[GOAL OF THE EXERCISE] What are the lines, copied exactly, from the one containing "Toulouse Goose Christmas" through the final line of the material? Leave the pictures out.

[PROVIDED DATA]
═══

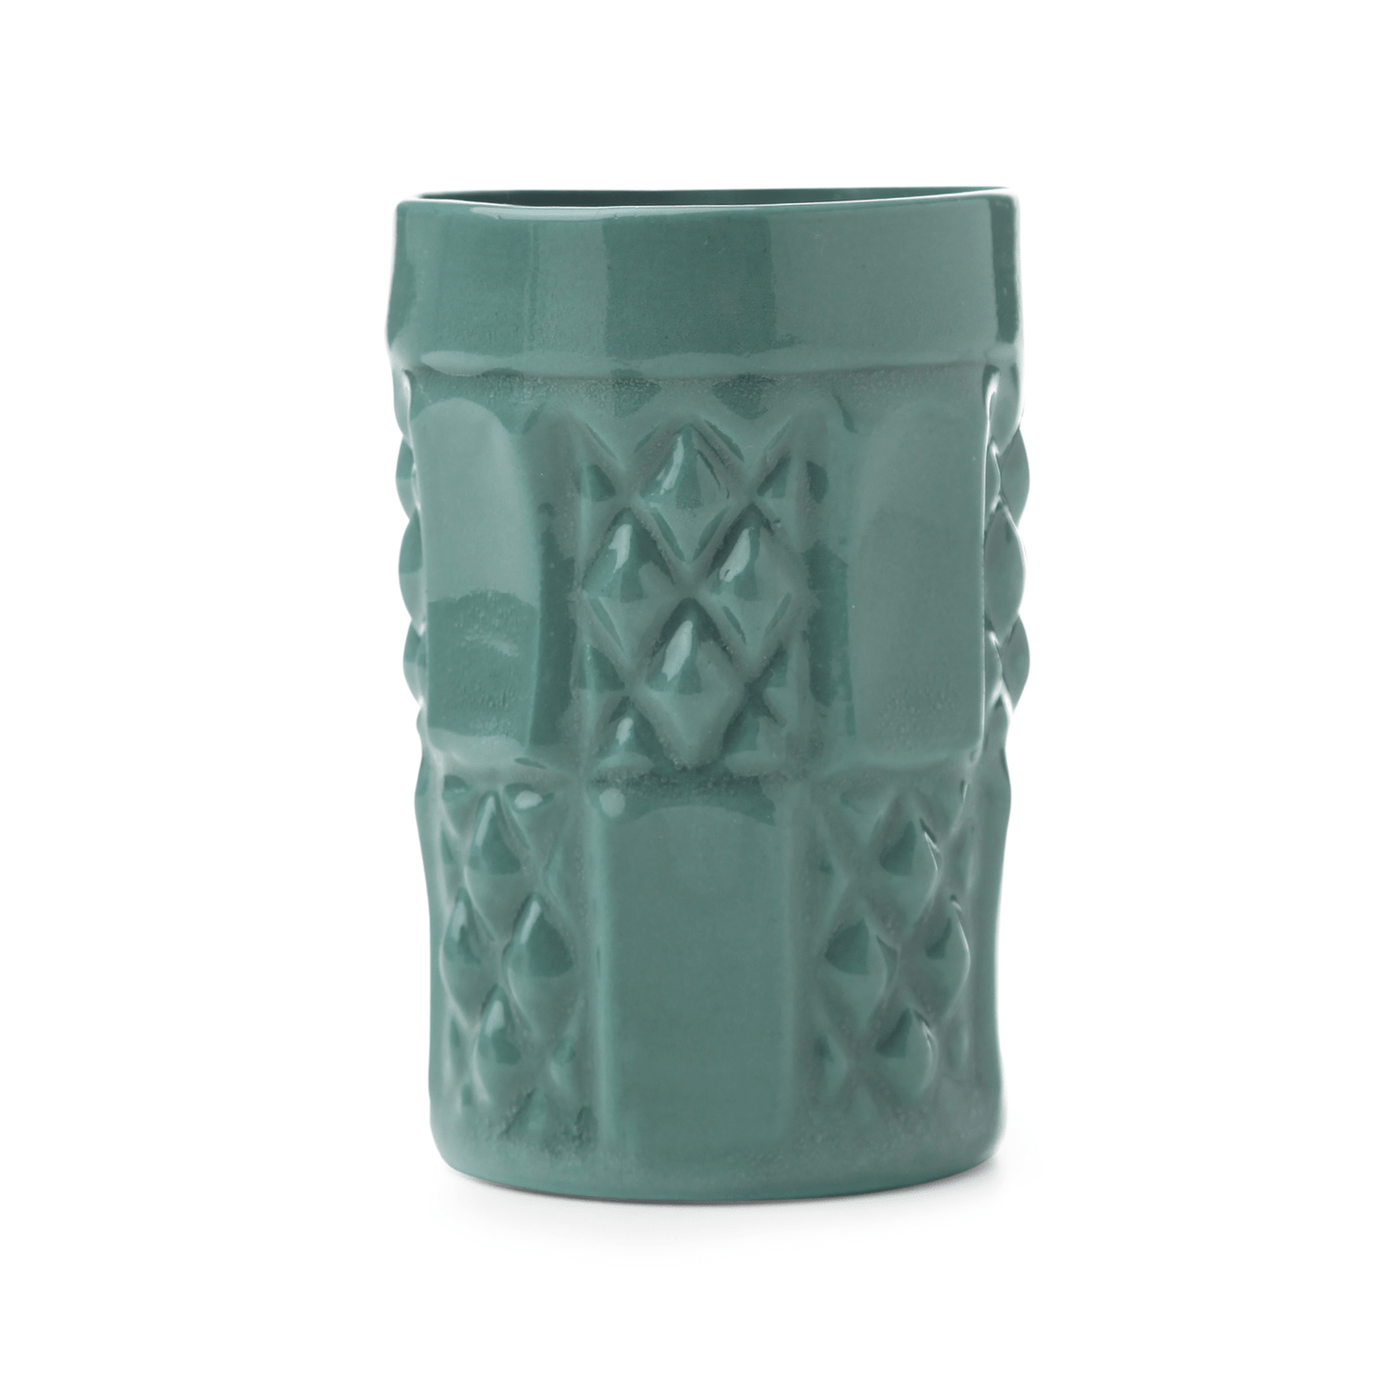 Reva Handmade Mug, Green, 190 ml Cups & Mugs sazy.com
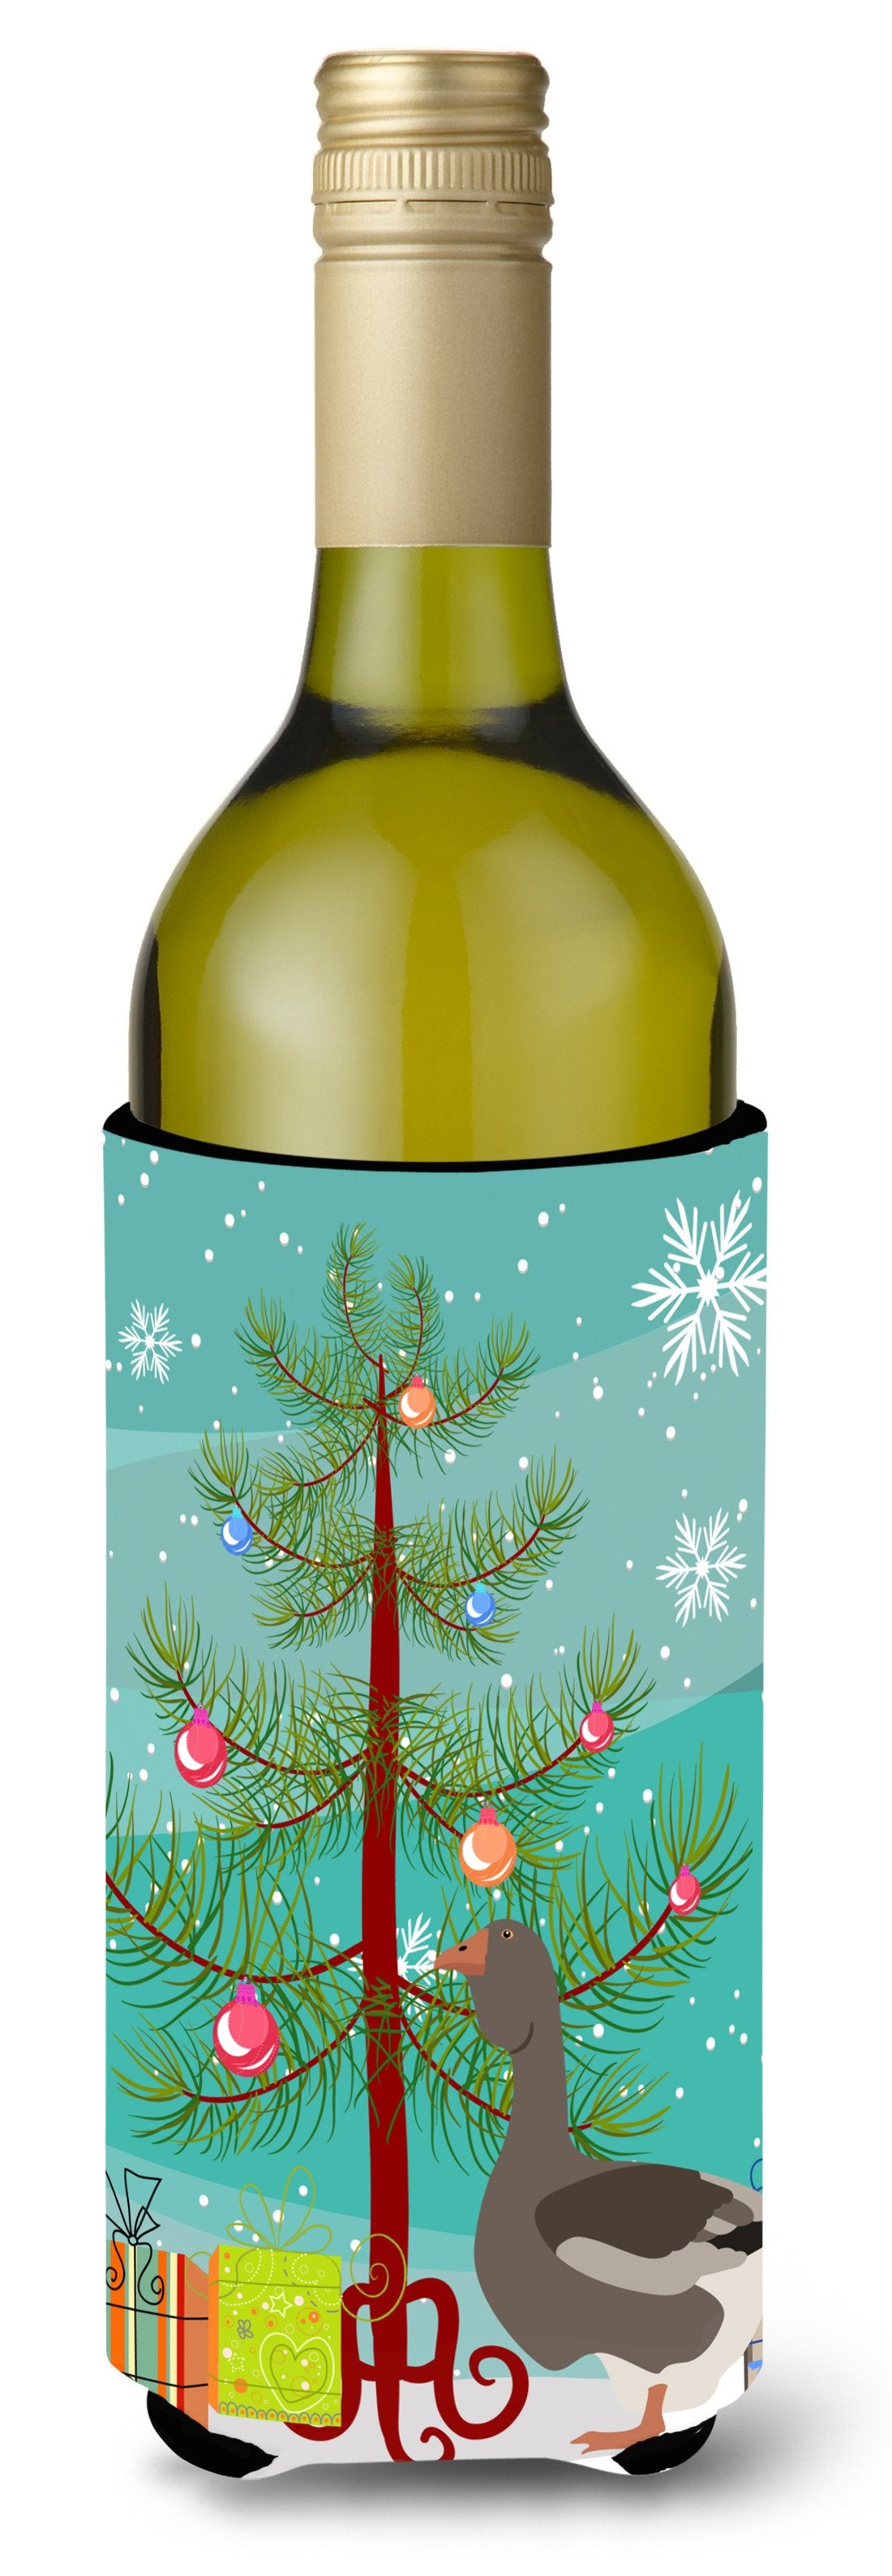 Toulouse Goose Christmas Wine Bottle Beverge Insulator Hugger BB9264LITERK by Caroline's Treasures
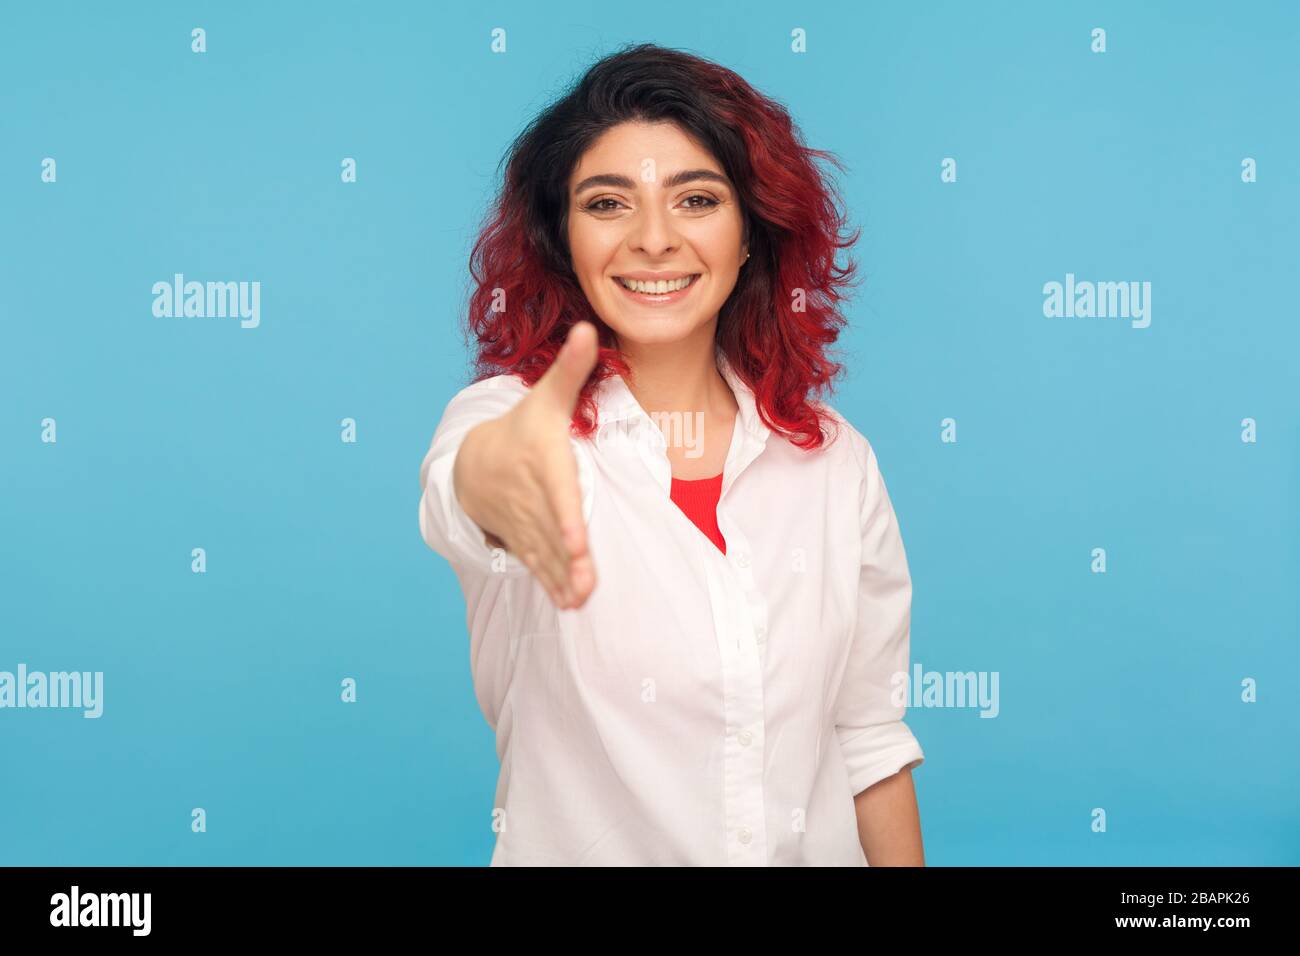 Piacere di incontrare, benvenuto! Ritratto di socievole donna hippster con fantasia capelli rossi in camicia dando mano a stretta di mano e sorridente amichevole, dicendo congrats. Foto Stock

═══

[RESPONSE]
 Toulouse Goose Christmas Wine Bottle Beverge Insulator Hugger BB9264LITERK by Caroline's Treasures
 Piacere di incontrare, benvenuto! Ritratto di socievole donna hippster con fantasia capelli rossi in camicia dando mano a stretta di mano e sorridente amichevole, dicendo congrats. Foto Stock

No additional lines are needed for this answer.